2.2. Identification of LRR Genes
The leucine-rich repeat (LRR) gene is a part of the plant nucleotide-binding leucine-rich repeat (NLR) receptor and is responsible for recognizing pathogen effectors, thereby triggering the ETI immune response [25]. NLR identification was performed following the methodology outlined in Ngou et al. [28]. In summary, protein sequences shorter than 250 amino acids were removed, and the remaining protein sequences were subjected to domain searches using HMMER (Version 3.1b2). The threshold for filtering protein kinase domains was set at 1 × 10^−10^, while the threshold for LRR domains was set at 10 × 10^−3^. For protein kinase domains, the focus was primarily on Protein Families Database (PFAM) PF00069.26, whereas for LRR domains, the relevant PFAM entries included PF18805.2, PF18831.2, PF18837.2, PF00560.34, PF07723.14, PF07725.13, PF12799.8, PF13306.7, PF13516.7, PF13855.7, PF14580.7, PF01463.25, PF08263.13, and PF01462.19. Genes containing both protein kinase and LRR domains were classified as LRR receptor-like kinases (LRR-RLKs). Genes containing LRR domains but lacking protein kinase domains and possessing C3F domains were classified as Leucine-rich repeat receptor-like proteins (LRR-RLPs). Additionally, lysin motif receptor-like kinases (LysM-RLKs) and lysin motif receptor-like proteins (LysM-RLPs) were filtered based on protein sequence lengths greater than 150 amino acids. Protein sequences containing both LysM domains (PF01476.21) and transmembrane domains were classified as LysM genes. Further classification of LysM genes into LysM-RLKs and LysM-RLPs was conducted based on the presence of kinase domains. The software used for identifying LysM genes included TransMembrane prediction using hidden Markov models (TMHMM) (Version 2.0) [29].

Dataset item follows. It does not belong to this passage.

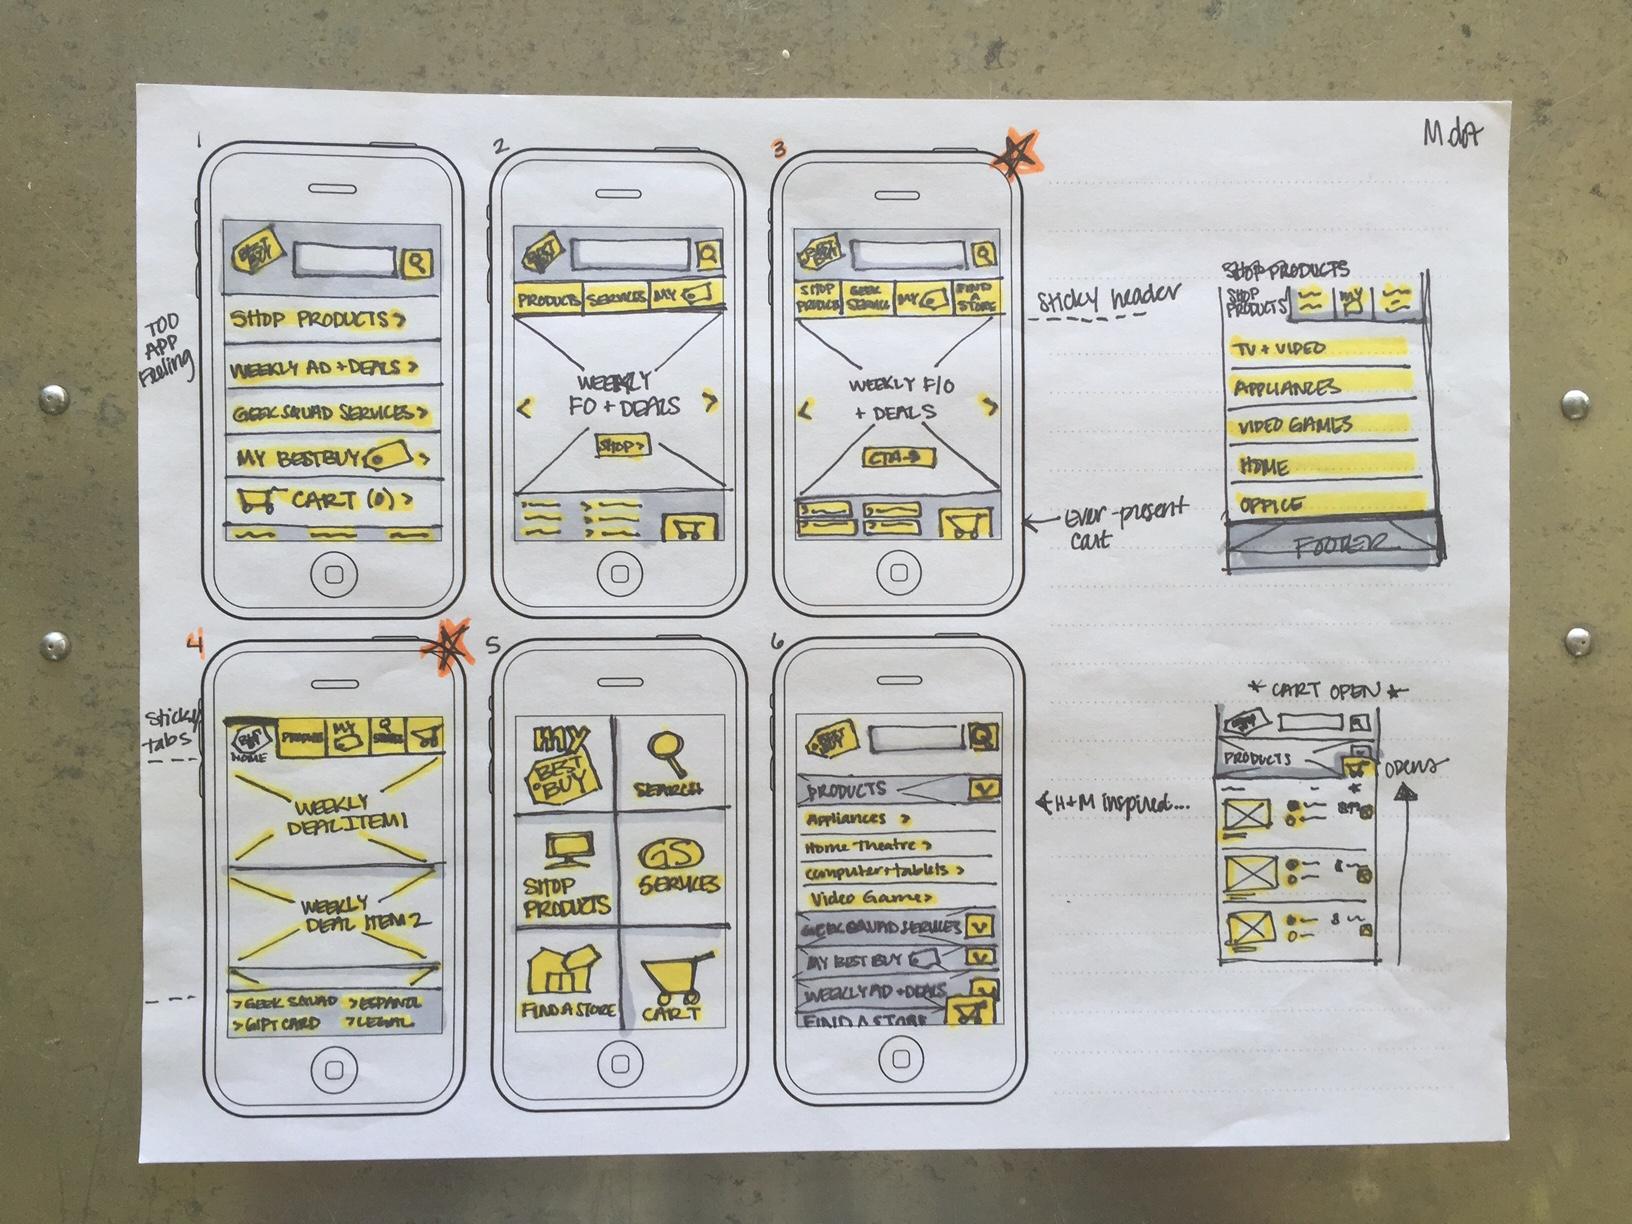 Best Buy Header & Navigation Sketches

2.3. Identification of NLR Genes
For the identification of NLR genes, we utilized NLR-Annotator (Version 2) [30], a software widely used for NLR gene identification in plants. All parameters were set to their default values, and further grouping analyses were conducted based on the results provided by the software.
2.4. Construction of the Phylogenetic Tree for 300 Rice Genomes
To obtain the phylogenetic relationships among the 300 rice genomes, we conducted a comparative analysis of all protein sequences using OrthoFinder (Version 2.5.4) [31], with all parameters set to their default values. The phylogenetic tree output by OrthoFinder served as the phylogenetic tree for the 300 rice genomes. The online tool iTOL (https://itol.embl.de/ (accessed on 15 May 2025), Version 6) [32] and the R package itol.toolkit (Version 1.1.7) [33] were used for visualizing the phylogenetic tree.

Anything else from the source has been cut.